Re: Page breaks when you print formatted html docs

Daniel W. Connolly (connolly@hal.com)
Fri, 03 Jun 1994 11:00:42 -0500


In message <9406020928.AA04245@dragget.hpl.hp.com>, Dave Raggett writes:
>> Is there any code we can imbed in the html doc which will force page
>> breaks at appropriate spots? Like the tops of sections beginning
>> with <h1>, etc.?
>
>This kind of thing shouldn't go into the HTML. Instead you need a better
>utility for converting to Postscript. In the longer term, style sheets
>will carry this info for specified page sizes etc.

If you need to hack today, i.e. you have some application where it's
easier to hack the documents to tell your converter where to put page
breaks than it is to fix the converter to "do it right," I'd suggest
writing:

<? pagebreak>

or
&pagebreak;

The <? pagebreak> thingy is a "processing instruction." It's a kind of
SGML escape mechanism. It's almost like a comment, except that it _is_
part of the ESIS, that is, the parsed representation of a document.
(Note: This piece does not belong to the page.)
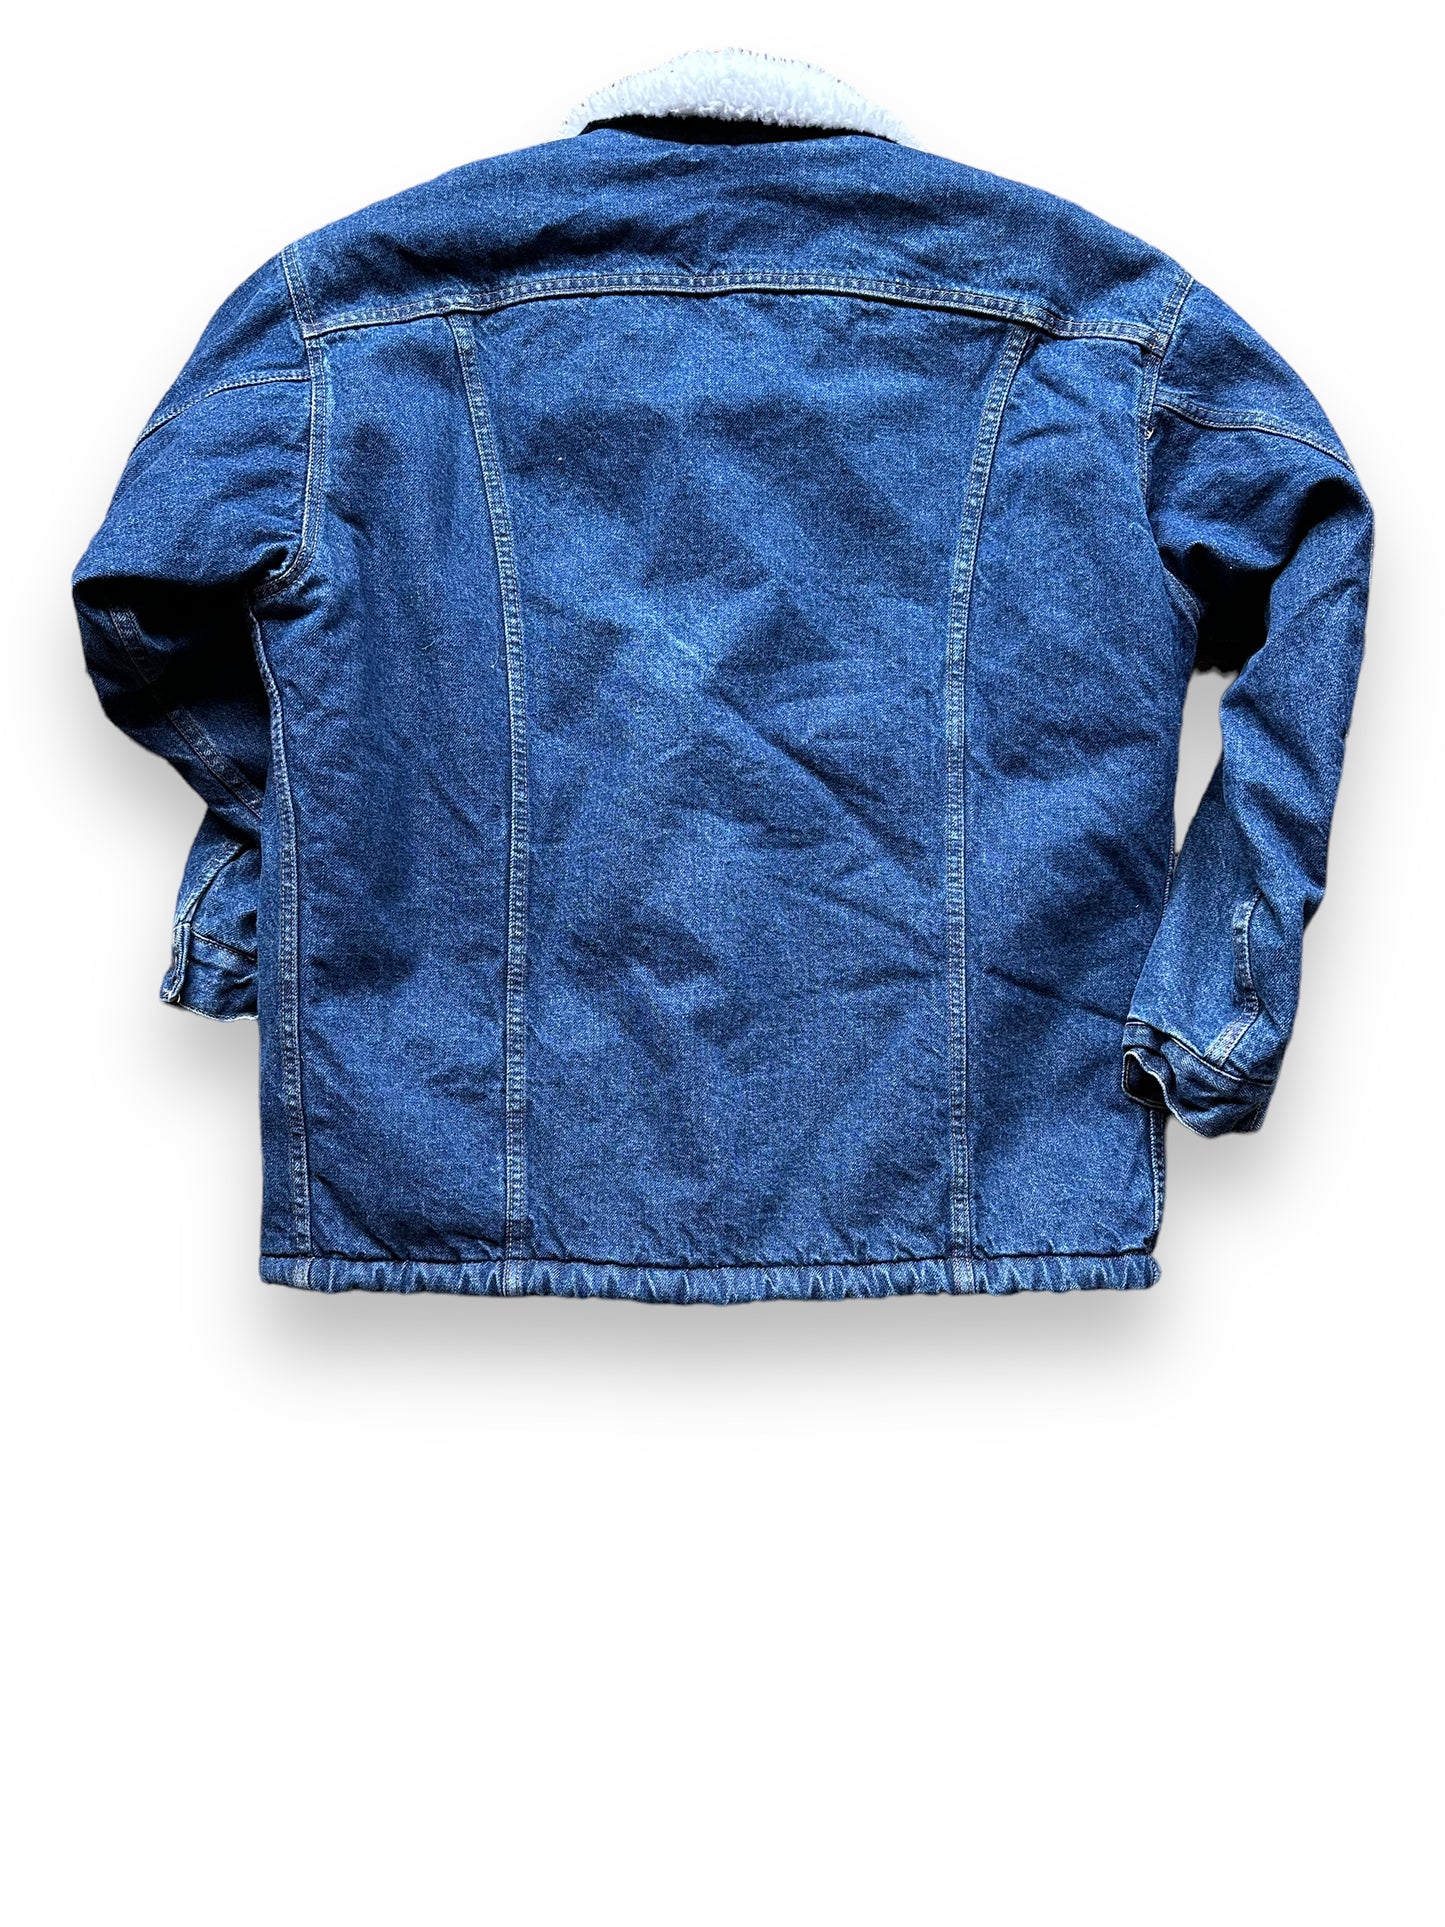 Rear View of Vintage Dark Levis Sherpa Type III Denim Jacket SZ L | Vintage Denim Workwear Seattle | Barn Owl Seattle

The &pagebreak; thingy is an entity reference. It presupposes that
somewhere in the prologue (DTD), somebody has written:

<!ENTITY pagebreak SDATA [pagebreak]>
or
<!ENTITY pagebreak "<? pagebreak>">
or
<!ENTITY pagebreak "<pagebreak>">

The handy thing about the &pagebreak; form is that it works like a
macro that you can later redefine without editing your documents. For
example, suppose folks had been writing &br; all along in stead of
<br>. And suppose the first version of the HTML DTD that defined br
defined it thusly:

<!ENTITY br "<? linebreak>">

because we believed linebreaks had no structural significance. Then,
we decide after a while that in fact they do have structural
significance -- the parts of a postal address, for example, are split
into separate lines to distinguish street address from city and state,
etc. Then we could revise the DTD to read:

<!ENTITY br "<br>">

and presto! without changing the documents, they all benefit from this
change. (Some documents would potentially become invalid, since
<?linebreak> is allowed anywhere, and <br> might only be allowed in
certain places).

On the practical side, I think you can choose either form of markup
and get the results you're after -- namely, that it doesn't show up on
the screen when you preview it with Mosaic. Quick check... Crud.
Mosaic displays &pagebreak; and <?pagebreak>.

So much for that idea!

Oh well... there's always the old comment hack
<!-- pagebreak -->

Dan